Again, they may be viewed according to the intellectual and
juridical relation, as born of a common political mother, the
republic, so that they constitute, as it were, a public family or
nation (gens, natio) whose members are all related to each other as
citizens of the state. As members of a state, they do not mix with
those who live beside them in the state of nature, considering such to
be ignoble. Yet these savages, on account of the lawless freedom
they have chosen, regard themselves as superior to civilized
peoples; and they constitute tribes and even races, but not states.

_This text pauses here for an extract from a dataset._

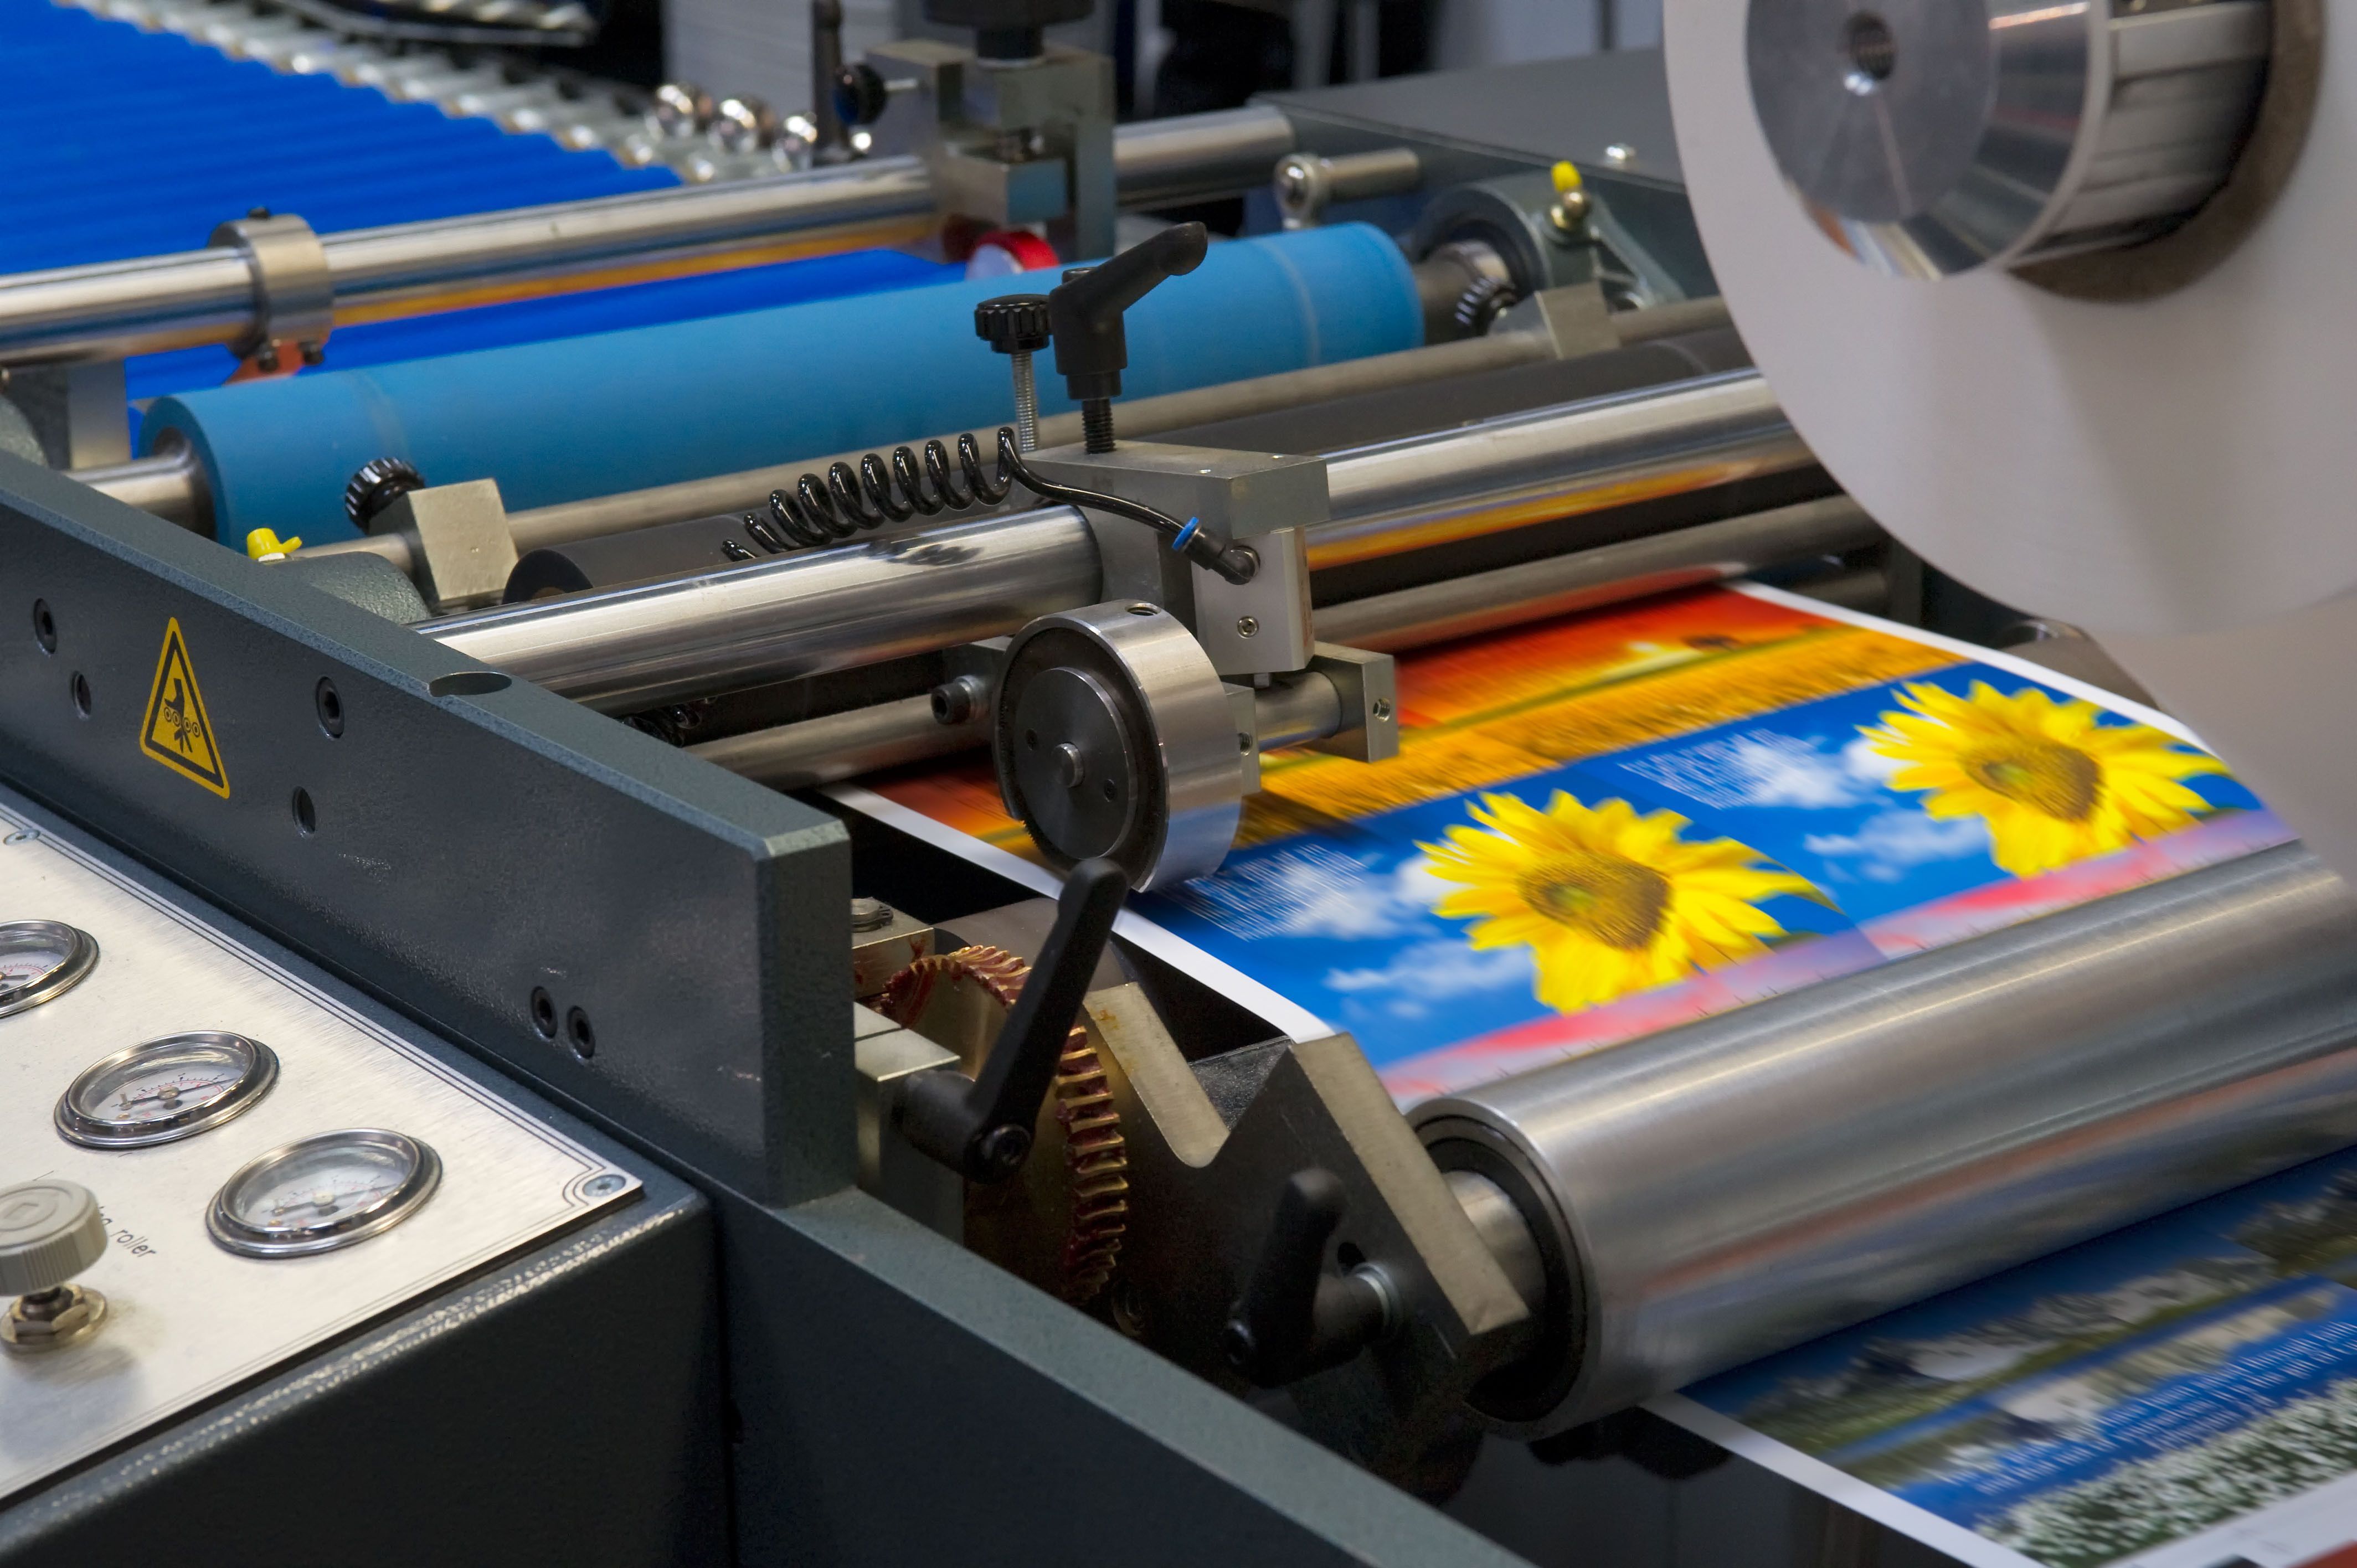 7 Reasons to Outsource Your Printing Needs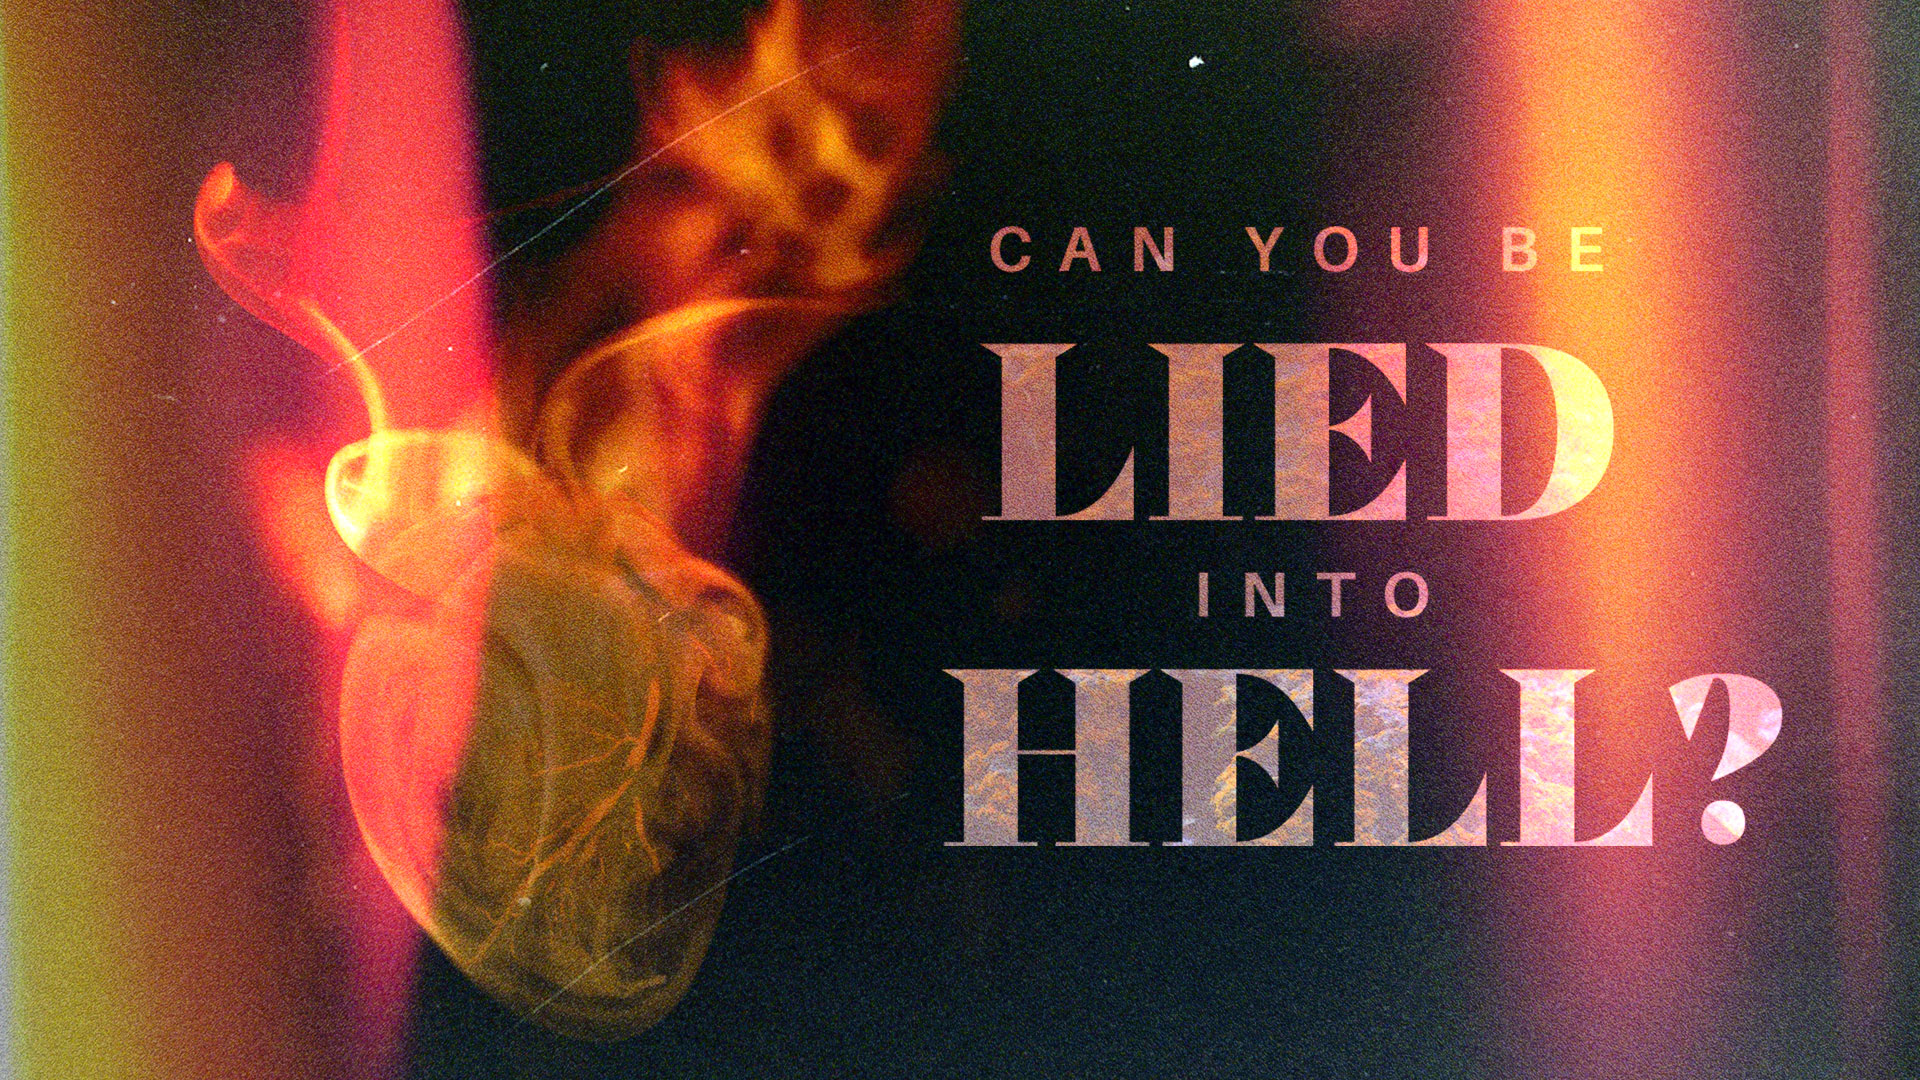 Can You Be Lied Into Hell?

The public right of states (jus publicum civitatum), in their
relations to one another, is what we have to consider under the
designation of the "right of nations." Wherever a state, viewed as a
moral person, acts in relation to another existing in the condition of
natural freedom, and consequently in a state of continual war, such
right takes it rise.
The right of nations in relation to the state of war may be
divided into: 1. the right of going to war; 2. right during war; and
3. right after war, the object of which is to constrain the nations
mutually to pass from this state of war and to found a common
constitution establishing perpetual peace. The difference between
the right of individual men or families as related to each other in
the state of nature, and the right of the nations among themselves,
consists in this, that in the right of nations we have to consider not
merely a relation of one state to another as a whole, but also the
relation of the individual persons in one state to the individuals
of another state, as well as to that state as a whole.